The demonstration that pig DAF does not significantly regulate pig C is most unexpected. Pig erythrocytes, unlike human erythrocytes, abundantly express MCP, and MCP is an important C regulator on these cells (23). It is therefore possible that pig erythrocytes and other plasma-exposed cells are adequately protected from C activation by MCP. An alternative possibility is that pigs might express another membrane regulator, perhaps a molecule analogous to Crry in rodents. Further, it remains possible that other isoforms of pig DAF may retain regulatory capacity for pig C. We are currently examining C regulatory function in pDAFgpi and in isoforms with different lengths of STP. Guinea pig DAF isoforms with long STP regions were better regulators of C (40), and it has previously been reported that deletion of the ST region in human DAF ablates C regulatory activity (6). The role of the ST region is to act as a spacer to place the active sites contained within the SCRs at an appropriate distance from the membrane. It is possible that the long ST isoforms of pig DAF will show increased pig C regulatory activity.
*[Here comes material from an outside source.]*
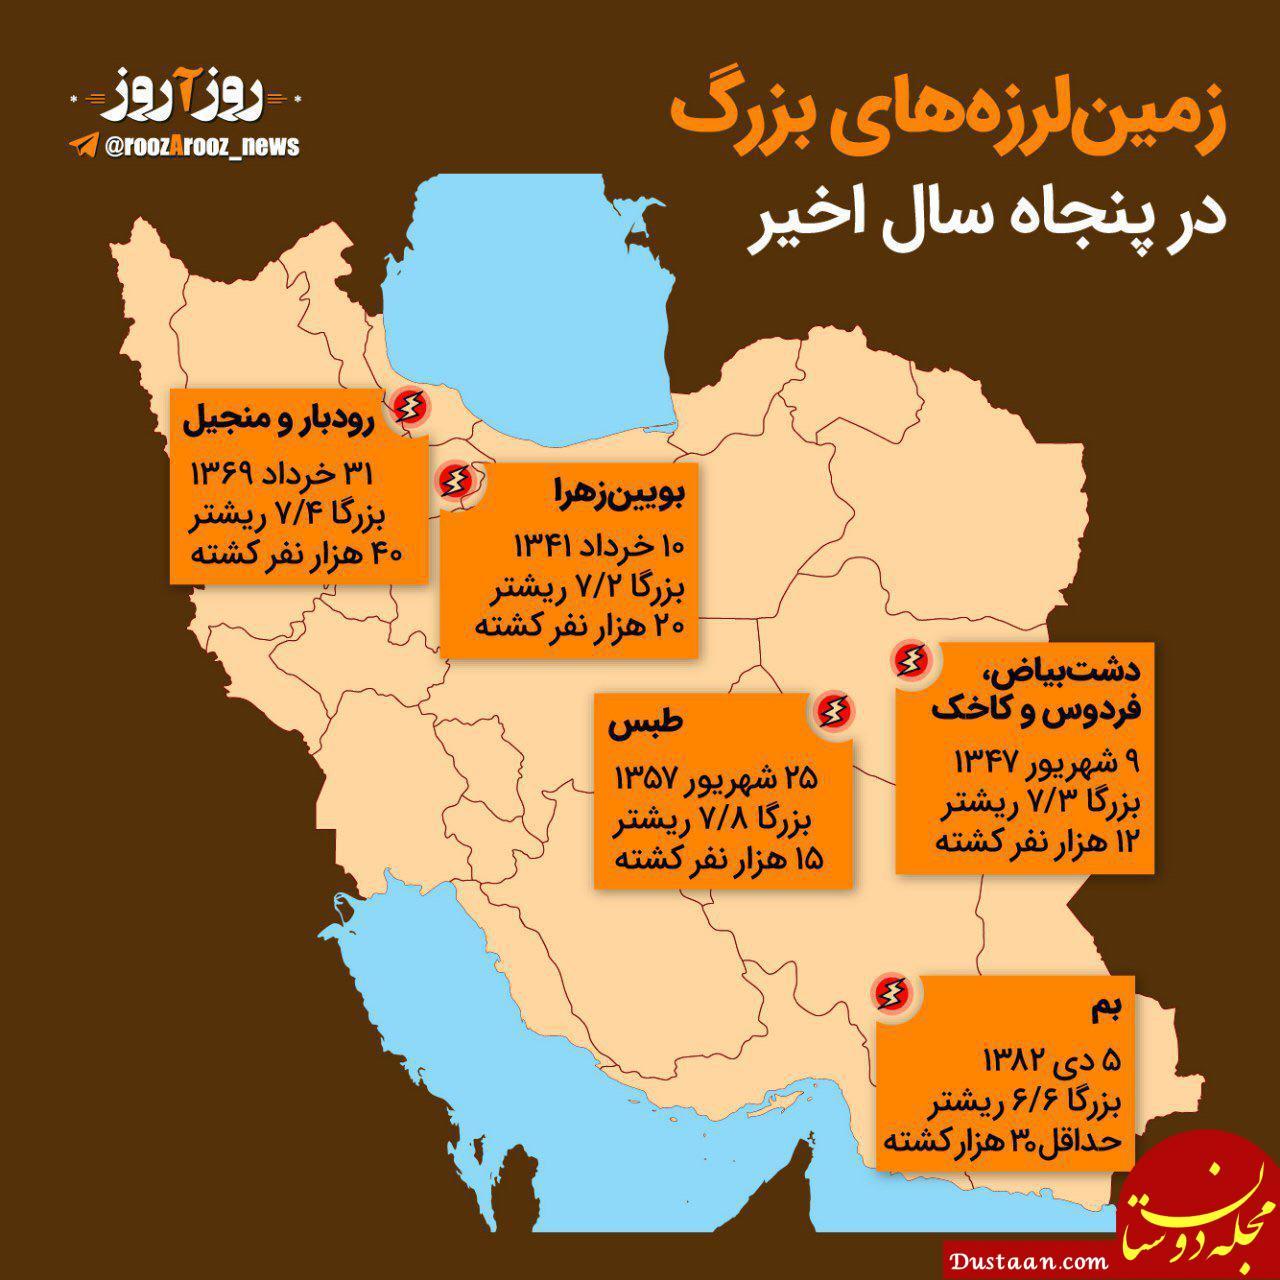 www.dustaan.com زلزله های بزرگ ۵۰ سال اخیر ایران در یک نگاه

We are also engineering pDAFtm to express a fourth SCR to examine whether this confers pig C regulatory capacity on the molecule.
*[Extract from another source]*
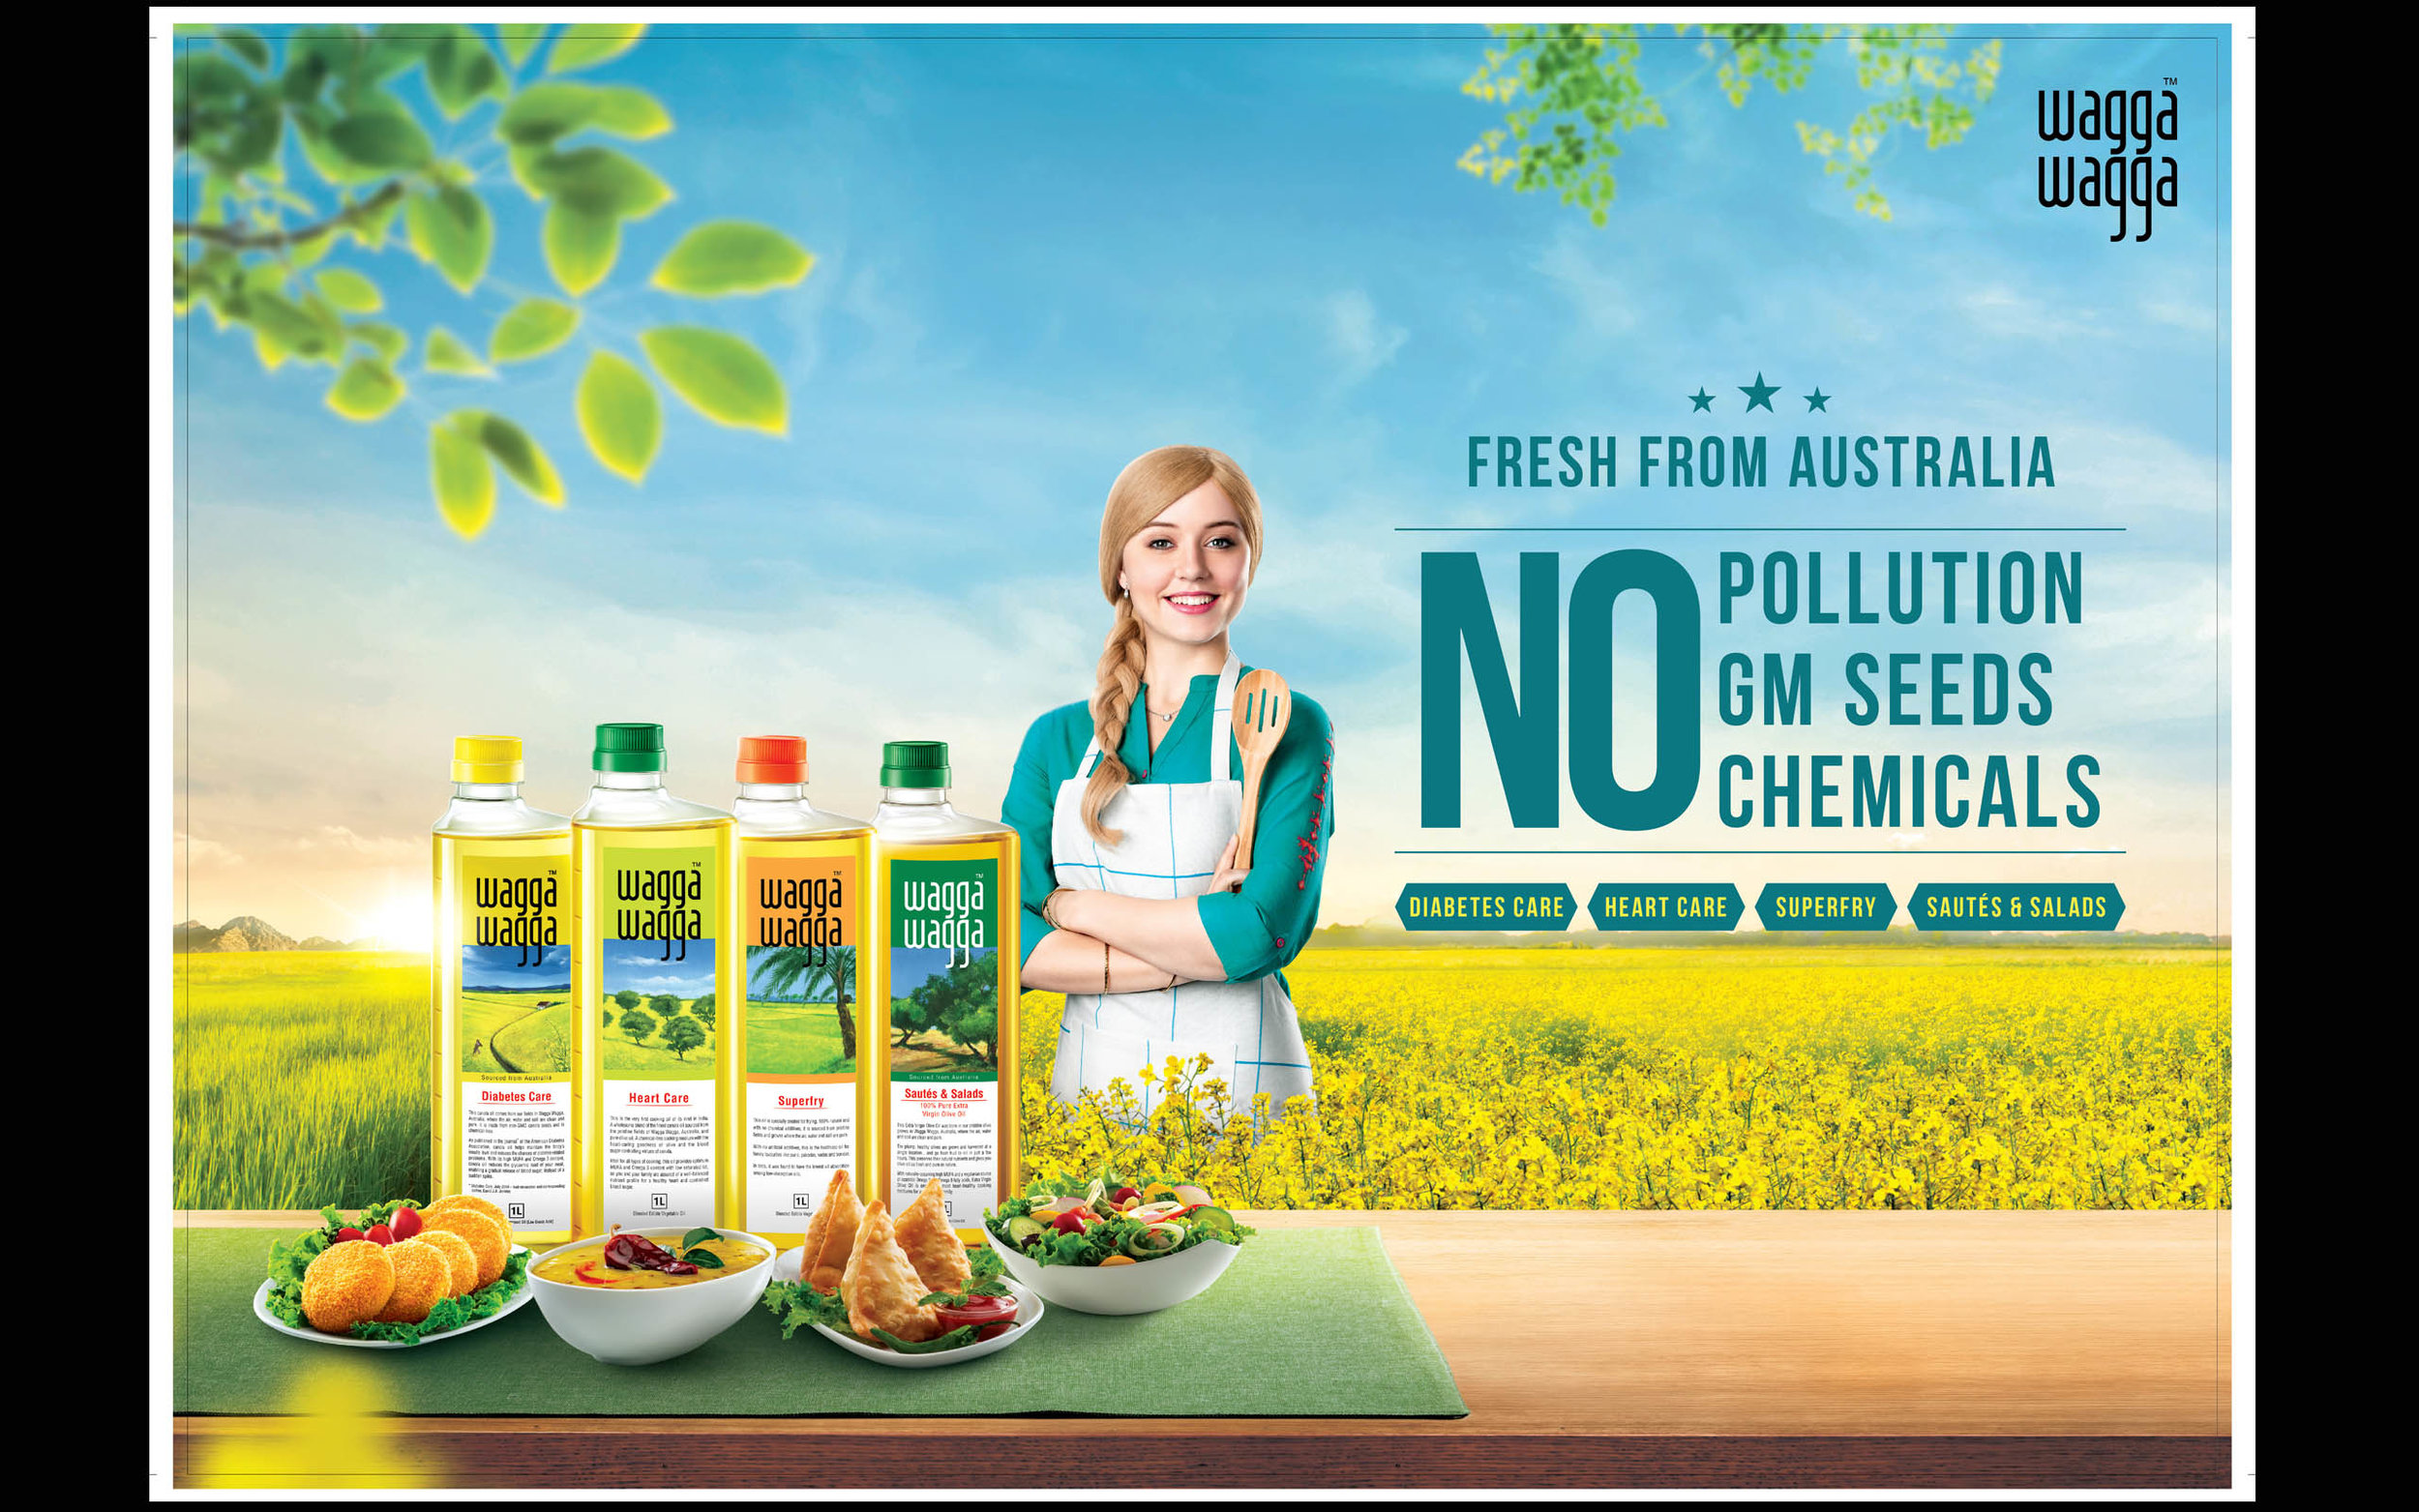 Campaign- Wagga Wagga oils

What, then, is the role of DAF on pig erythrocytes? One may speculate that pig DAF serves roles other than C regulation on pig erythrocytes and other circulating cells, possibly serving as a C receptor with roles in handling immune complexes. In man this role is served by CR1, and no analogue of CR1 has yet been discovered in the pig. Pig DAF may have evolved to fill this role and, in the process, lost the capacity for intrinsic C regulation. The long ST isoforms, projecting the SCRs far from the membrane, might be particularly relevant to immune complex handling. Experiments to test this hypothesis are currently in progress.
It remains puzzling that pigs alone of all the species studied to date have lost SCR4 in DAF. In humans, SCR4 is implicated in the binding of E. coli adhesins and enteroviruses (33, 34). It is possible that loss of SCR4 in pigs has been selected in evolution, because it renders cells resistant to infection with these pathogens. Our preliminary data support this hypothesis in that echoviruses that use human DAF as receptor cannot bind pig DAF. Precedent exists in that MCP, which contains a measles virus binding site in SCR1, is expressed in New World monkeys as a three SCR molecule lacking SCR1 and unable to bind measles virus (41). A concern emerging from these studies is that pig organs engineered to hyperexpress human DAF for use in xenotransplantation (42) might be rendered susceptible to infection by these common human pathogens with potentially disastrous consequences.
We thank Yann Dean for helpful suggestions.
J.M.P.L. is a recipient of a Marie Curie-TMR fellowship, Contract ERB-FMBICT-972590. B.P.M. is a Wellcome Trust Senior Fellow.
Abbreviations used in this paper: CRP, complement regulatory protein; CFD, C fixation diluent; CHO, Chinese hamster ovary cells; DAF, decay-accelerating factor; MCP, membrane cofactor protein; PIPLC, phosphatidylinositol-specific phospholipase C; SCR, short consensus repeat; ST, serine/threonine; tm, transmembrane; UTR, untranslated region; AP, alternative pathway; RACE, rapid amplification of cDNA ends.